### TASK OBJECTIVE
Strip the pictures and reproduce the rest of the listing exactly.

### DATA BLOCK

◇ ◇ ◇

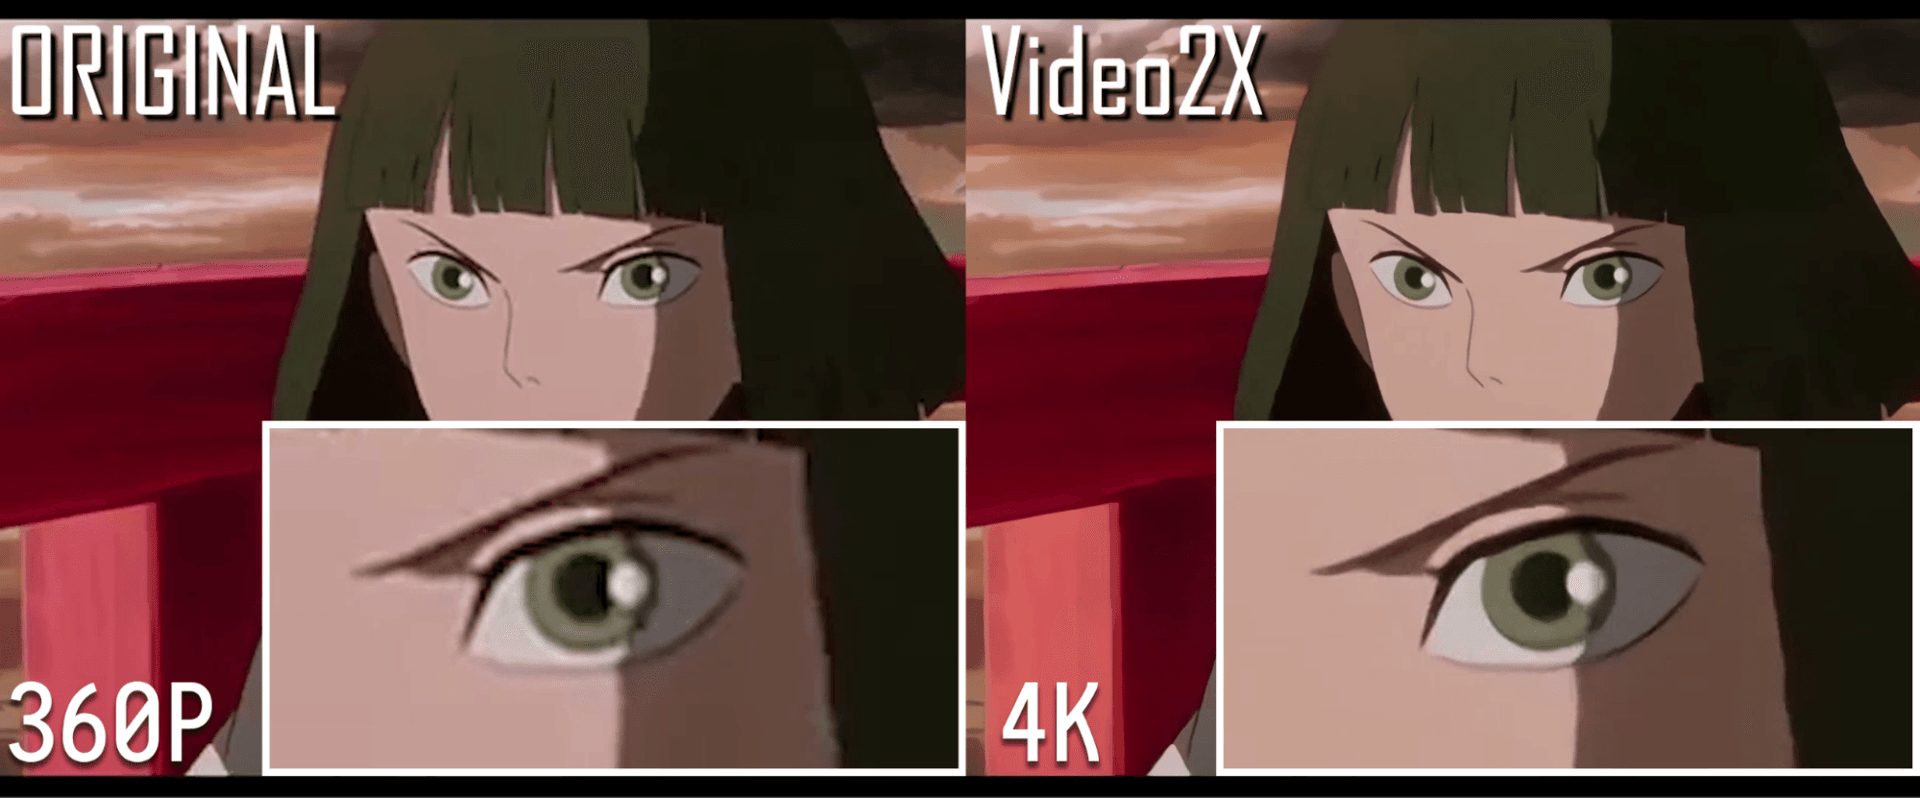 Video2x 
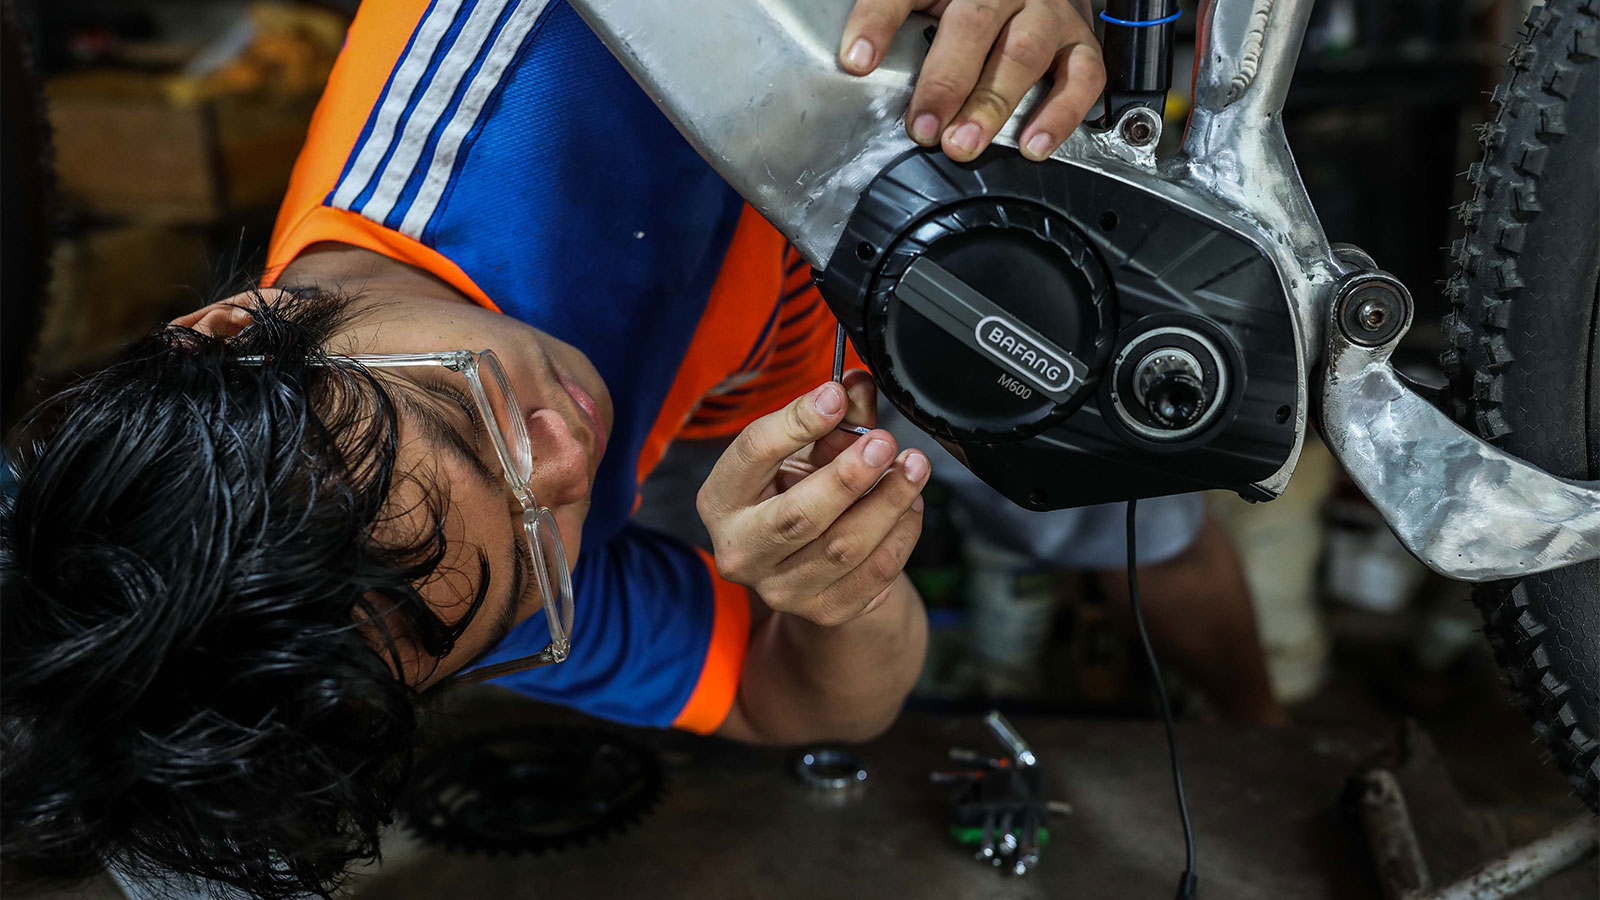 Gözlük takan bir adam, bir aletle e-bisikletin şasisi üzerinde çalışmak için eğiliyor
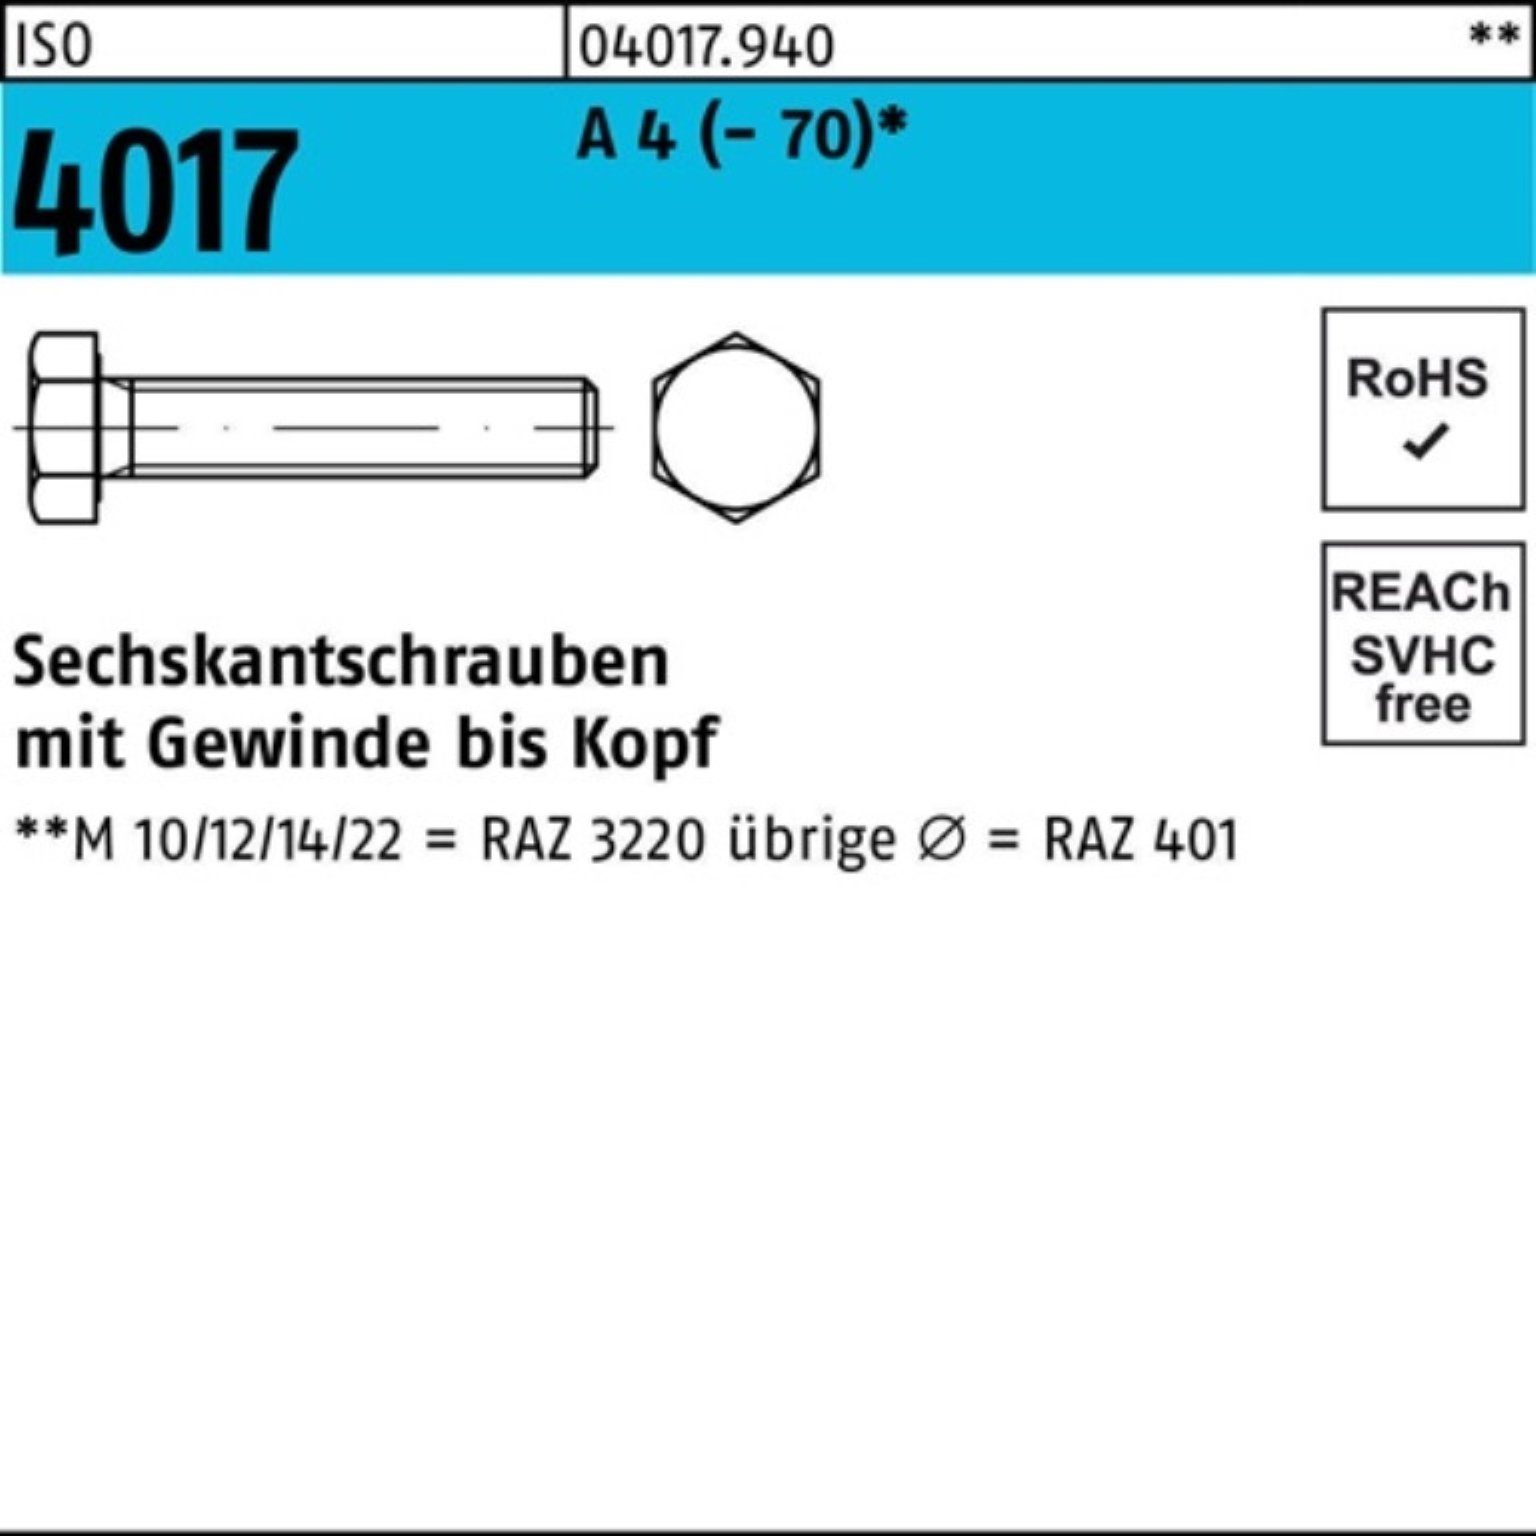 Bufab Sechskantschraube 100er Pack Sechskantschraube ISO 4017 VG M27x 130 A 4 (70) 1 Stück

◇ ◇ ◇

### WRITTEN ANSWER
 Video2x 
 Gözlük takan bir adam, bir aletle e-bisikletin şasisi üzerinde çalışmak için eğiliyor
 Bufab Sechskantschraube 100er Pack Sechskantschraube ISO 4017 VG M27x 130 A 4 (70) 1 Stück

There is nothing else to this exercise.